Note
This notebook is located in the ./examples directory of the gwtransport repository.
Pathogen Removal in Bank Filtration Systems#
Learning Objectives#
Understand log-removal concepts for pathogen treatment assessment
Calculate pathogen removal efficiency in groundwater treatment systems
Learn how heterogeneous systems affect overall performance
Apply residence time analysis to water treatment design
Analyze seasonal variations in treatment performance
Overview#
This notebook demonstrates how to calculate pathogen removal efficiency in bank filtration systems using log-removal analysis.
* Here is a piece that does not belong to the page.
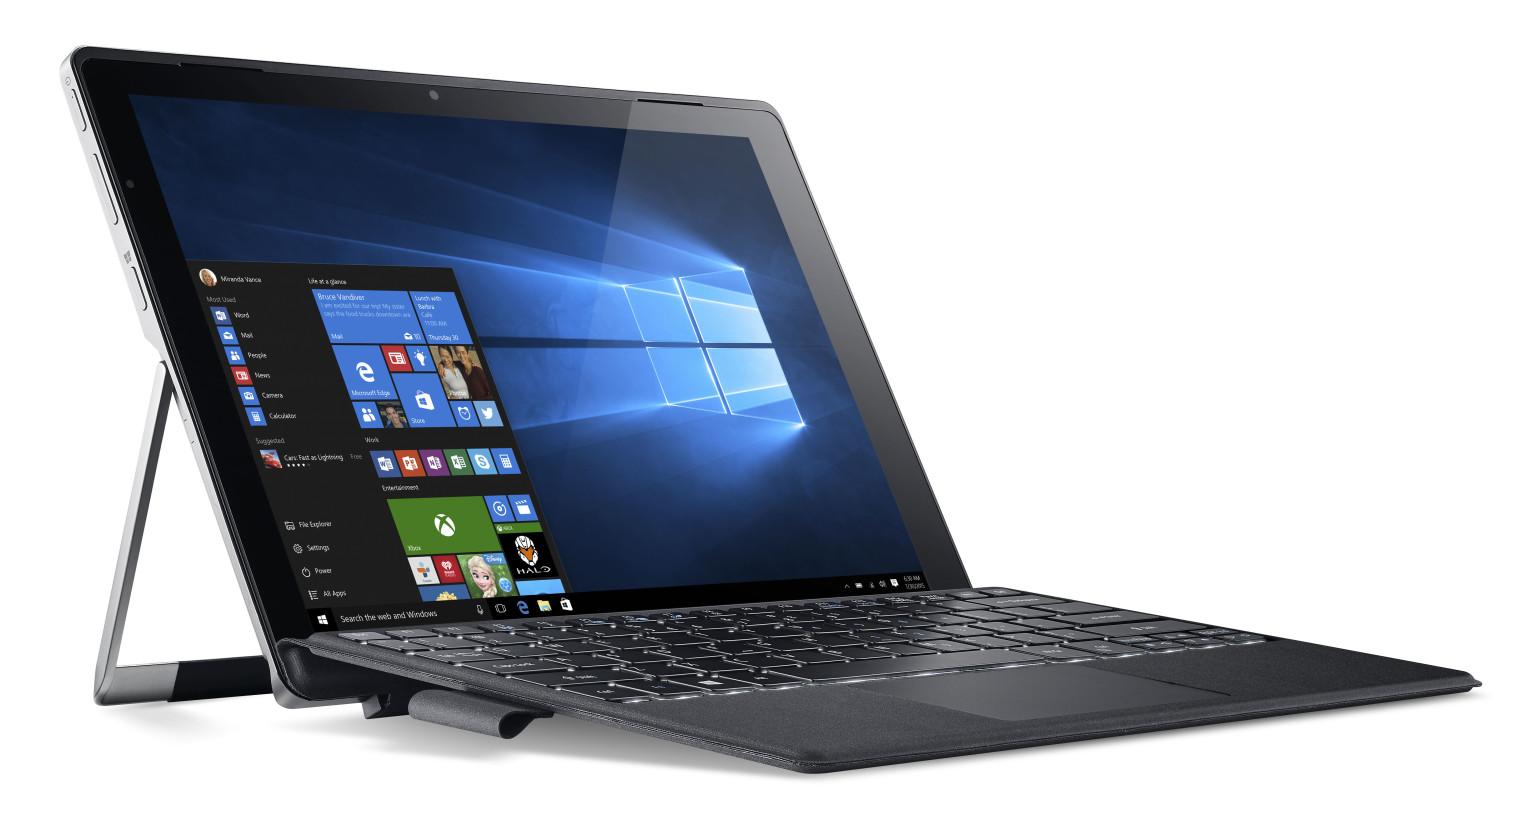 Планшет Acer Switch Alpha 12 SA5-271-71P3 NT.LCDER.016 (Intel Core i7-6500U 2.5 GHz/8192Mb/256Gb SSD/Wi-Fi/Bluetooth/Cam/12/2160x1440/Windows 10 64-bit)

River water infiltrates through riverbank sediments, where pathogens are removed through biological decay (inactivation) and physical straining (attachment).
Key Concepts#
Log-removal: Logarithmic scale for pathogen reduction (1 log = 90%, 2 log = 99%, 3 log = 99.9%)
Two-component model: Total removal = inactivation (time-dependent) + attachment (geometry-dependent)
Heterogeneous systems: Overall performance weighted toward worst-performing flow paths
Background Reading#
Residence Time — Contact time determines removal efficiency
Pore Volume Distribution — Flow path heterogeneity affects overall performance
Theoretical Background#
Two-Component Pathogen Removal Model#
Total pathogen removal during soil passage consists of two mechanisms (Schijven and Hassanizadeh, 2000):
Inactivation (time-dependent): First-order biological decay: \(\text{LR}_\text{decay} = \mu \cdot t_{residence}\), where \(\mu\) is the log10 decay rate [log10/day]. Temperature-dependent: \(\ln(\mu_l) = a \cdot T + b\).
Attachment (geometry-dependent): Physical removal by adsorption and straining. Depends on aquifer geometry, travel distance, and soil properties. At Castricum, Schijven et al. (1999) found attachment contributed ~97% of total MS2 removal.
The gwtransport.logremoval module models the time-dependent decay component. Users add geometry-dependent attachment based on site-specific knowledge.
Decay Rate Conversion#
The natural-log decay rate \(\lambda\) [1/day] relates to the log10 rate \(\mu\) by: \(\mu = \lambda / \ln(10)\). Use decay_rate_to_log10_decay_rate() to convert published rates.
See residence time for background on how contact time determines removal efficiency.
[1]:
import matplotlib.pyplot as plt
import numpy as np
from gwtransport import gamma as gamma_utils
from gwtransport.examples import generate_temperature_example_data
from gwtransport.logremoval import (
decay_rate_to_log10_decay_rate,
gamma_find_flow_for_target_mean,
gamma_mean,
parallel_mean,
residence_time_to_log_removal,
)
from gwtransport.residence_time import fraction_explained, residence_time
from gwtransport.utils import step_plot_coords
# Set random seed for reproducibility
np.random.seed(42)
plt.style.use("seaborn-v0_8-whitegrid")
print("Libraries imported successfully")
Libraries imported successfully
1. Understanding Pathogen Inactivation Rates#
Pathogen inactivation rates vary significantly between virus types and temperatures. Schijven and Hassanizadeh (2000) compiled inactivation rates from multiple studies and found that the temperature dependence follows: ln(mu_l) = a*T + b, where T is the groundwater temperature in degrees Celsius.
The table below shows inactivation rates at 10 degrees C for common model viruses:
[2]:
print("=== Pathogen Inactivation Rates ===")
print("From Schijven and Hassanizadeh (2000), Table 7")
print("Temperature regression: ln(mu_l) = a*T + b\n")
# Inactivation rate regression parameters from Schijven & Hassanizadeh (2000) Table 7
# mu_l is the natural-log inactivation rate [day^-1]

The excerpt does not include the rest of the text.